Kanada und die Niederlande hatten das Verfahren angestrengt. Beide Staaten hatten an der mündlichen Verhandlung im Oktober teilgenommen – im Gegensatz zur syrischen Delegation. Ursprünglich sollte diese schon Ende Juli stattfinden, Syrien hatte jedoch kurzfristig um eine Verlegung gebeten. Der IGH kann jedoch auch völkerrechtlich verbindliche Entscheidungen treffen, wenn die beklagte Partei nicht erscheint.
Wieso der IGH zuständig ist
Der Gerichtshof stellte fest, dass er "prima facie", also auf den ersten Blick, zuständig ist, was im Eilverfahren ausreichend ist.
Syrien hat sich zwar nicht der Gerichtsbarkeit des IGH unterworfen, aber – wie auch Kanada und die Niederlande – die UN-Antifolterkonvention ratifiziert. Die klagenden Staaten rügen zahlreiche Verstöße gegen die Antifolterkonvention, darunter solche gegen Artikel 2, 7, 10 bis 16 und 19. Nach dem Streitbeilegungsmechanismus in Art. 30 Abs. 1 der Konvention ist der IGH für Streitigkeiten zwischen zwei oder mehr Vertragsstaaten über die Auslegung oder Anwendung des Übereinkommens zuständig. Voraussetzung ist allerdings, dass die klagende Partei zuvor erfolglos versucht hat, Verhandlungen und ein Schiedsverfahren durchzuführen.
Sämtliche diplomatischen Versuche Kanadas und der Niederlande sind gescheitert, deshalb haben sie sich mit der Klage und dem Antrag auf Erlass vorläufiger Maßnahmen an den IGH gewendet.
Wie es weitergeht
Nach Art. 41 Nr. 1 seines Statuts kann der IGH – "sofern es seines Erachtens die Umstände erfordern" – vorsorgliche Maßnahmen bezeichnen, "die zum Schutze der Rechte jeder Partei getroffen werden müssen". Eine Besonderheit ist hier, dass Kanada und die Niederlande nicht unmittelbar selbst in ihren eigenen Rechten verletzt sind, sondern zum Schutz der syrischen Bevölkerung handeln. Sie berufen sich auf einen Verstoß gegen elementare Pflichten, die "erga omnes" – gegenüber allen – gelten und deren Verletzung daher alle Staaten gerichtlich einklagen können.
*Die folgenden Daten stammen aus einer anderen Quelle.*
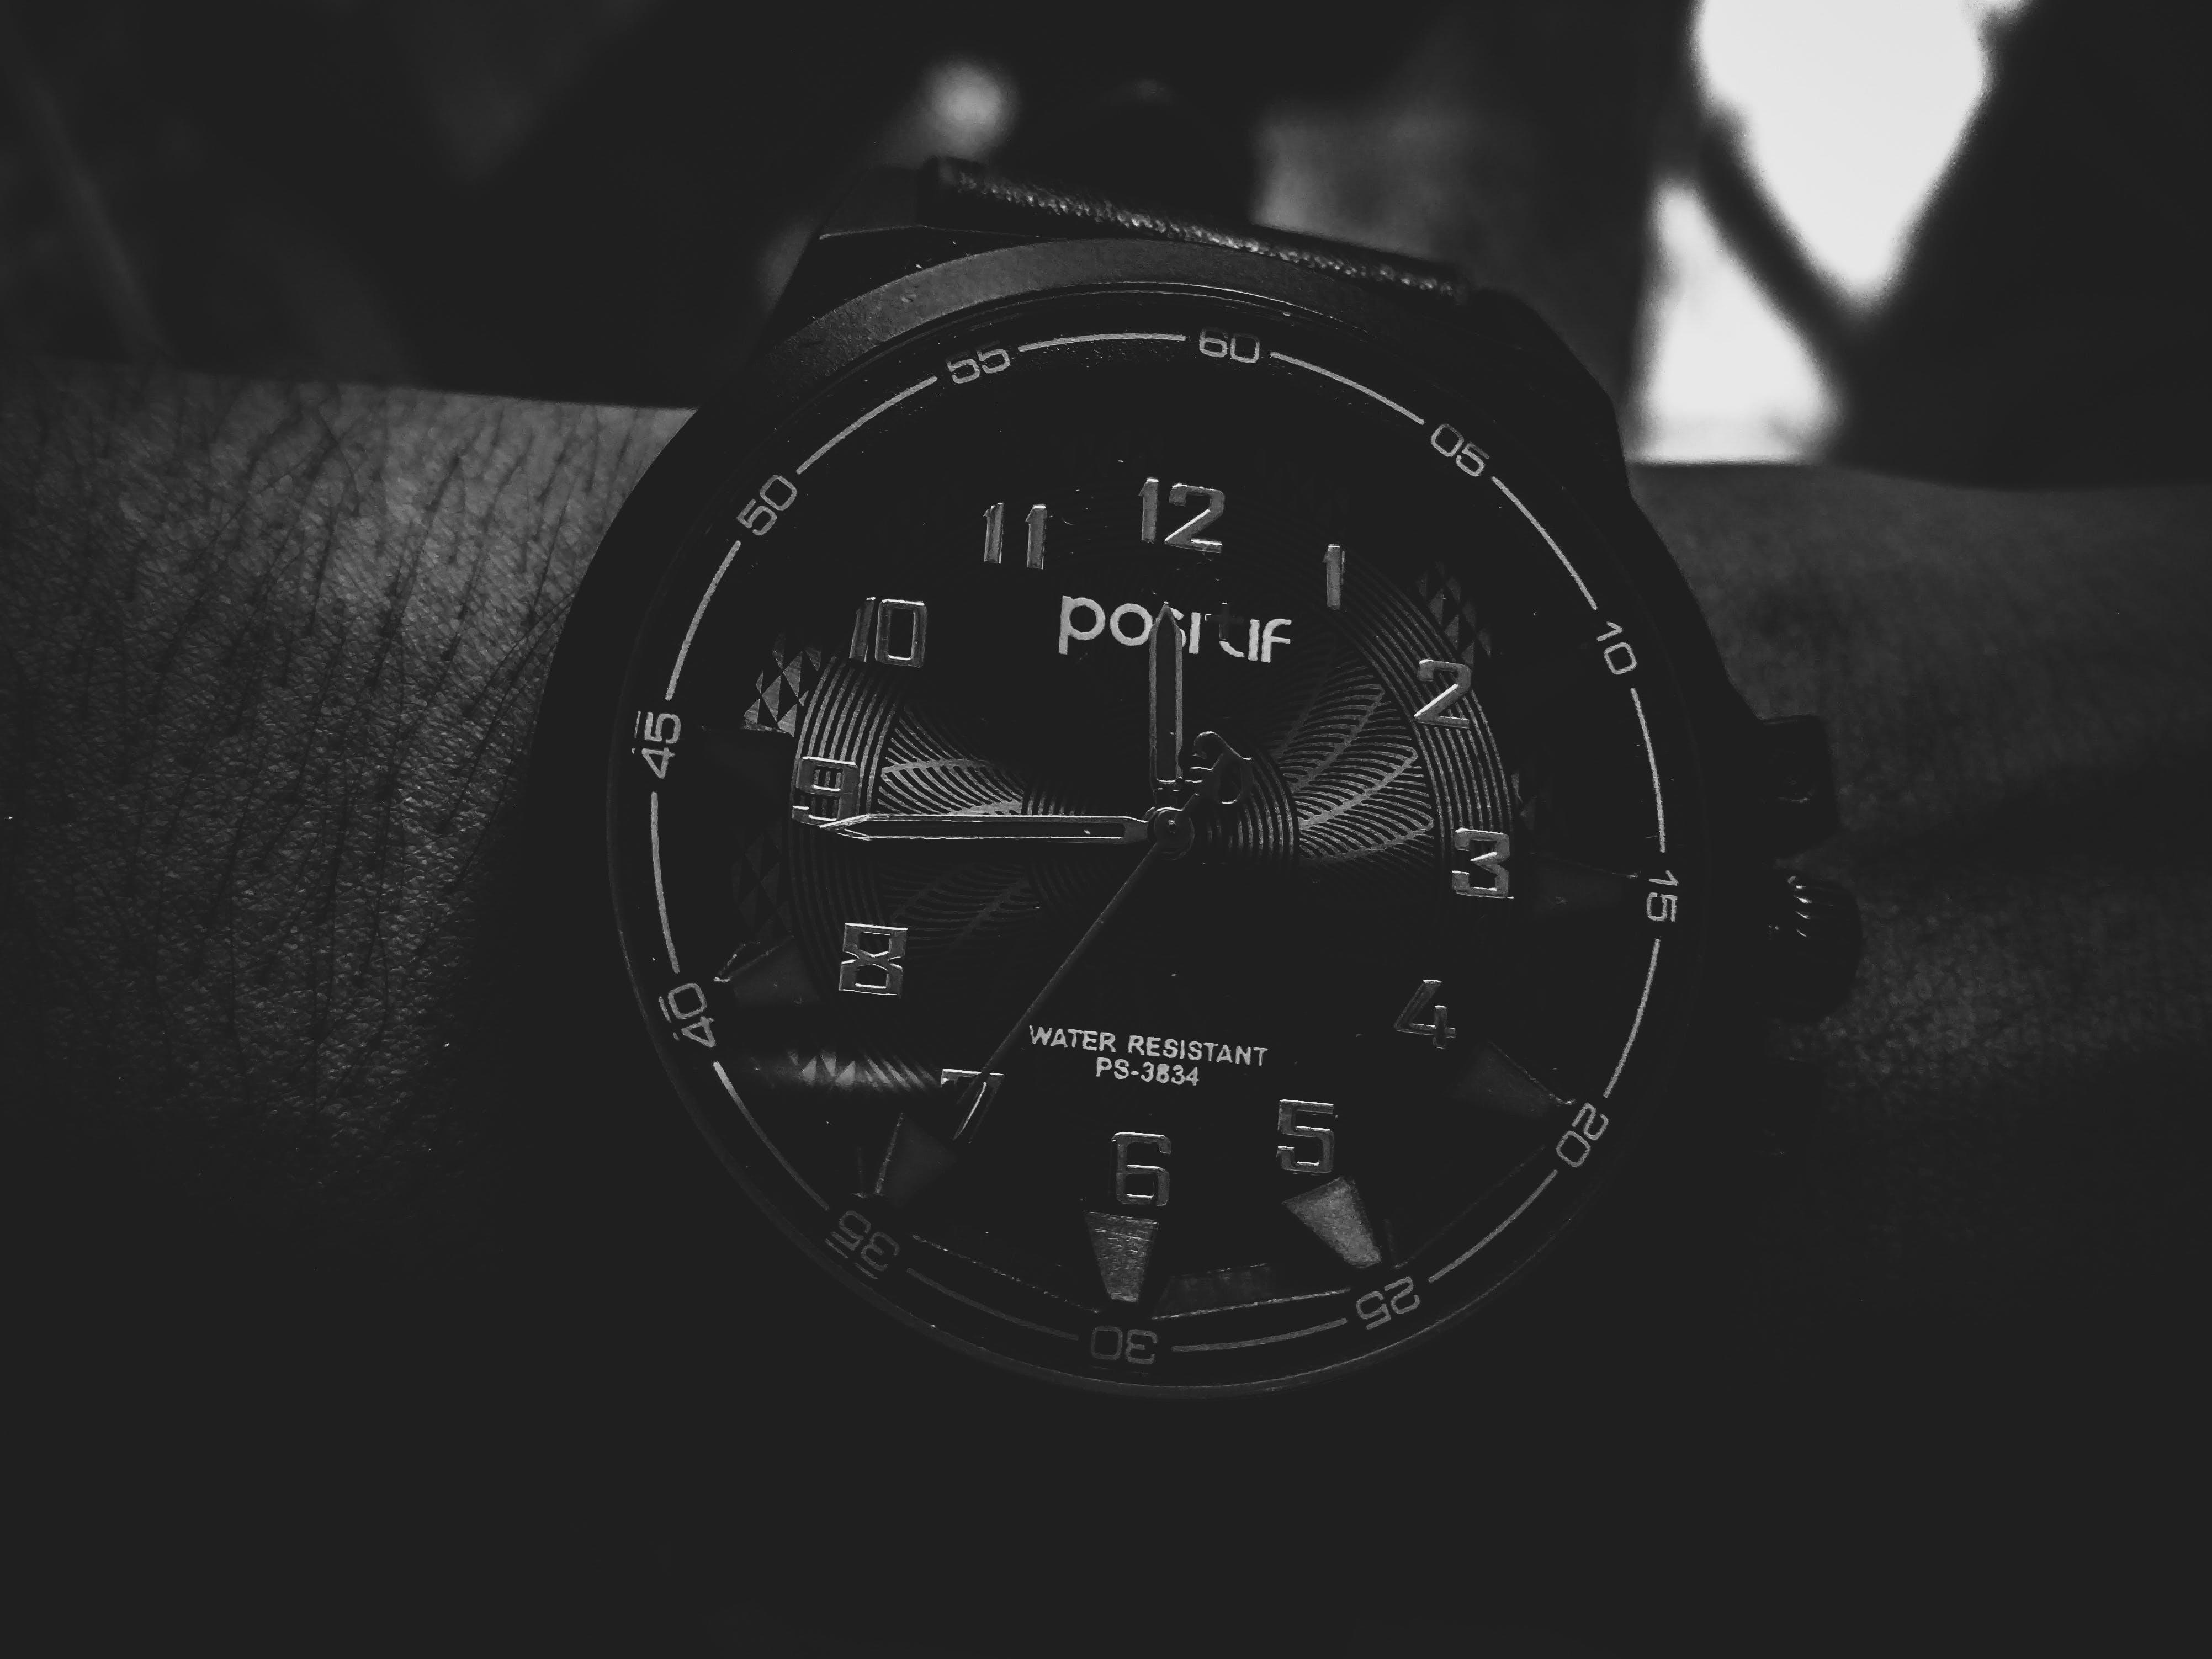 Analog Watch at 11:44

"Mit seiner Entscheidung schreibt der IGH seine Rechtsprechung zu Erga-Omnes-Verpflichtungen konsequent fort", ordnet Völkerrechtler Prof. Dr. Andreas Zimmermann von der Universität Potsdam die Anordnung ein. In einem vergleichbaren Fall, den Gambia im Jahr 2020 gegen Myanmar angestrengt hatte, ordnete der IGH Sofortmaßnahmen zum Schutz der Rohingya-Minderheit in Myanmar an.
Anordnungen des IGH sind zwar für die Parteien bindend, allerdings kann der Gerichtshof sie nicht selbst durchsetzen. Er kann jedoch den UN-Sicherheitsrat anrufen. Es ist allerdings davon auszugehen, dass Russland dort – wie schon bei vergangenen Resolutionen zu Syrien – von seinem Vetorecht Gebrauch machen wird.
Wann der IGH über die Klage in der Hauptsache entscheiden wird, ist noch offen.